2. Jimmie Johnson is as good, or better, than ever, despite seeing a victory slip out of his hands at Dover for a rare jumping-the-restart penalty.

Johnson had the car to beat Sunday, but NASCAR said he jumped the gun on leader Juan Pablo Montoya on a late restart, costing JJ a likely third victory this season.

"I was half-throttle," Johnson said in the postrace TV interview. "At some point, I've got to go. [Montoya] wasn't even going. It's a bummer way to lose a race. We certainly had the winning car."

Johnson, who finished 17th, still has a 30-point lead in the standings.

Brad Keselowski
Robert Laberge/NASCA/Getty ImagesBrad Keselowski finished fifth Sunday at Dover, but his No. 2 Ford failed a postrace inspection.

3. Defending champ Brad Keselowski isn't as good as a year ago.

He's winless and now has to await another penalty decision from NASCAR after the No. 2 Ford failed a postrace inspection (front end too low) at Dover.

4. The new Gen-6 car is faster and way better looking than the old car, but whether it produces better racing overall remains up for debate.

Only 16 cars finished on the lead lap at Dover. At most tracks, it's still hard to make passes up front, but Stewart got it done against Montoya in an exciting finish to Sunday's race.

5. Kevin Harvick looks like the best lame-duck driver ever, and might even win the title in his final season at Richard Childress Racing.
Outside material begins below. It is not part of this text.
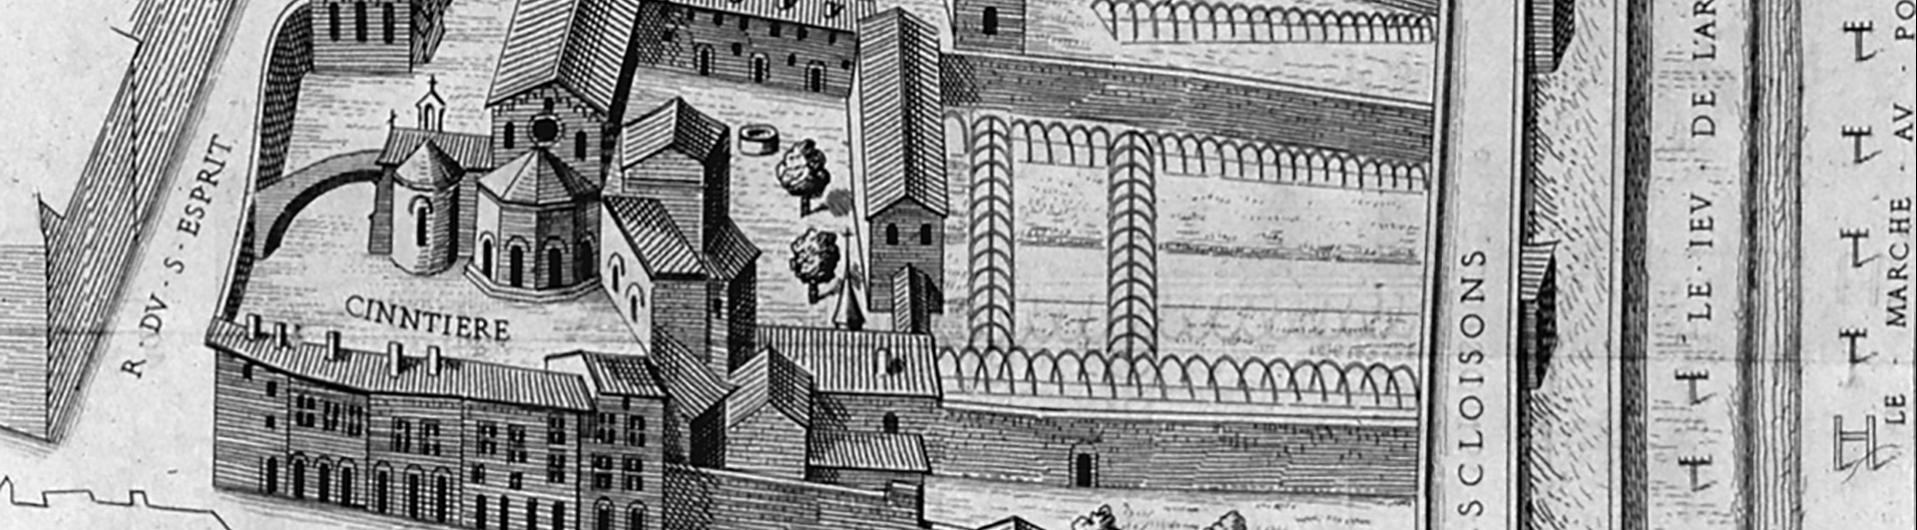 Plan scénographique de l'abbaye des dames de St pierre, sous le règne des rois François 1er et Henry 2 d'après le plan général de la Ville de Lyon, conservé aux Archives Municipales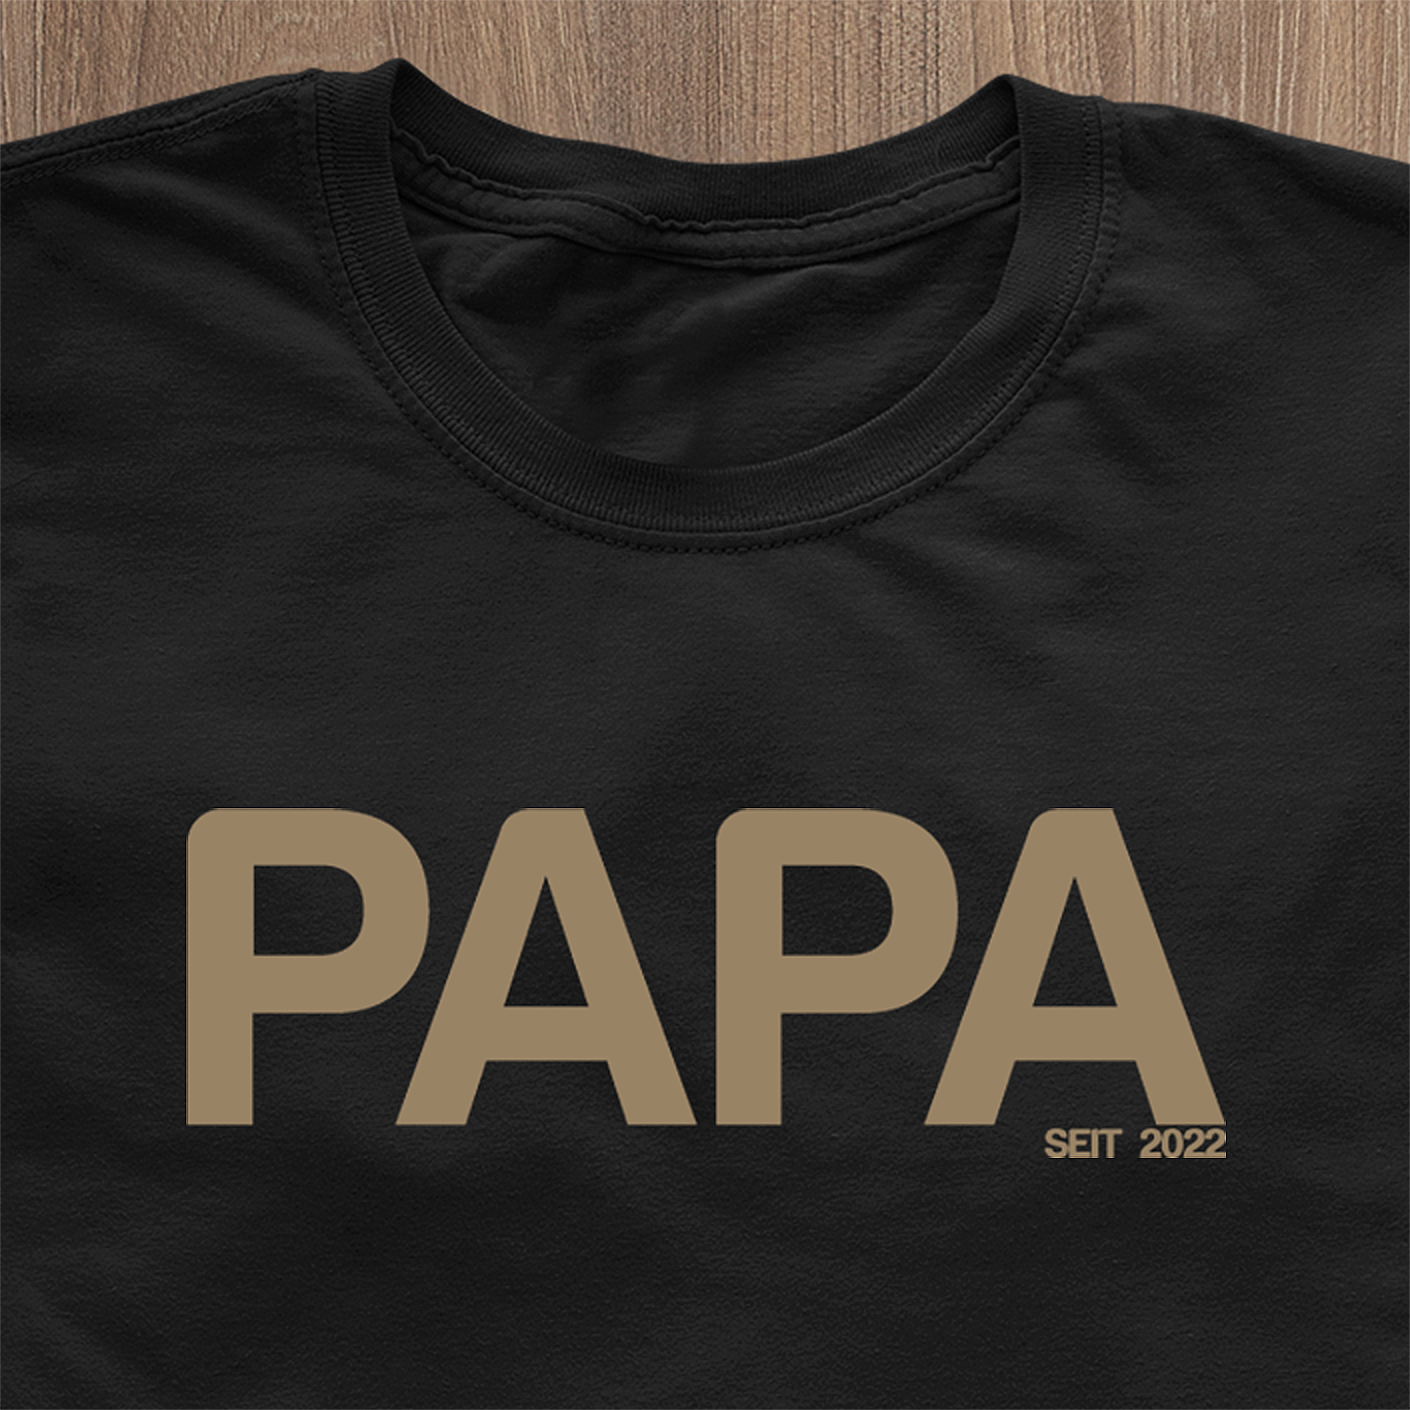 PAPA SEIT... T-Shirt Modern Edition Navy - Datum personaliséierbar

Harvick has two victories, he finished eighth Sunday and he's fourth in the standings.

6. Kyle Busch is going to win the majority of minor league events he enters.

It's eight victories (six in Nationwide and two in Camping World Truck Series) and counting this year.

7. Kurt Busch has helped make Furniture Row Racing a threat to win in some races and a true contender for the first time.

Busch has led laps in each of the past five races. He has three top-5 finishes and ranks 17th in the standings, only 34 points behind 10th-place Paul Menard. At this point one year ago, the No. 78 Chevy was 25th with no top-10s when Regan Smith was the driver.

8. Danica Patrick has not been very good most of her rookie season, but every now and then, she surprises us.

She finished 24th at Dover, better than it sounds since she was four laps down, and she ranks 29th in the standings. But she did finish eighth in the Daytona 500 and a surprising 12th at Martinsville.

9. Matt Kenseth's move to Joe Gibbs Racing looks like the best decision of his career -- if the Toyota engines hold up, and that's a pretty big if.

He already has three victories this year and had a car capable of winning Sunday before the engine blew, his second engine failure of the year.

Toyota now has 17 engine failures this season compared to four for Ford and only two for Chevrolet. Something has to change, or the Toyota drivers are doomed.

10. NASCAR has its most talented crop of young drivers in many years, with future star Kyle Larson, 20, leading the way.

Larson is a once-in-a-generation type of talent who will become a star in Cup. But others are coming, including Jeb Burton (20) and skilled teenagers like Chase Elliott, Ryan Blaney and Darrell Wallace Jr.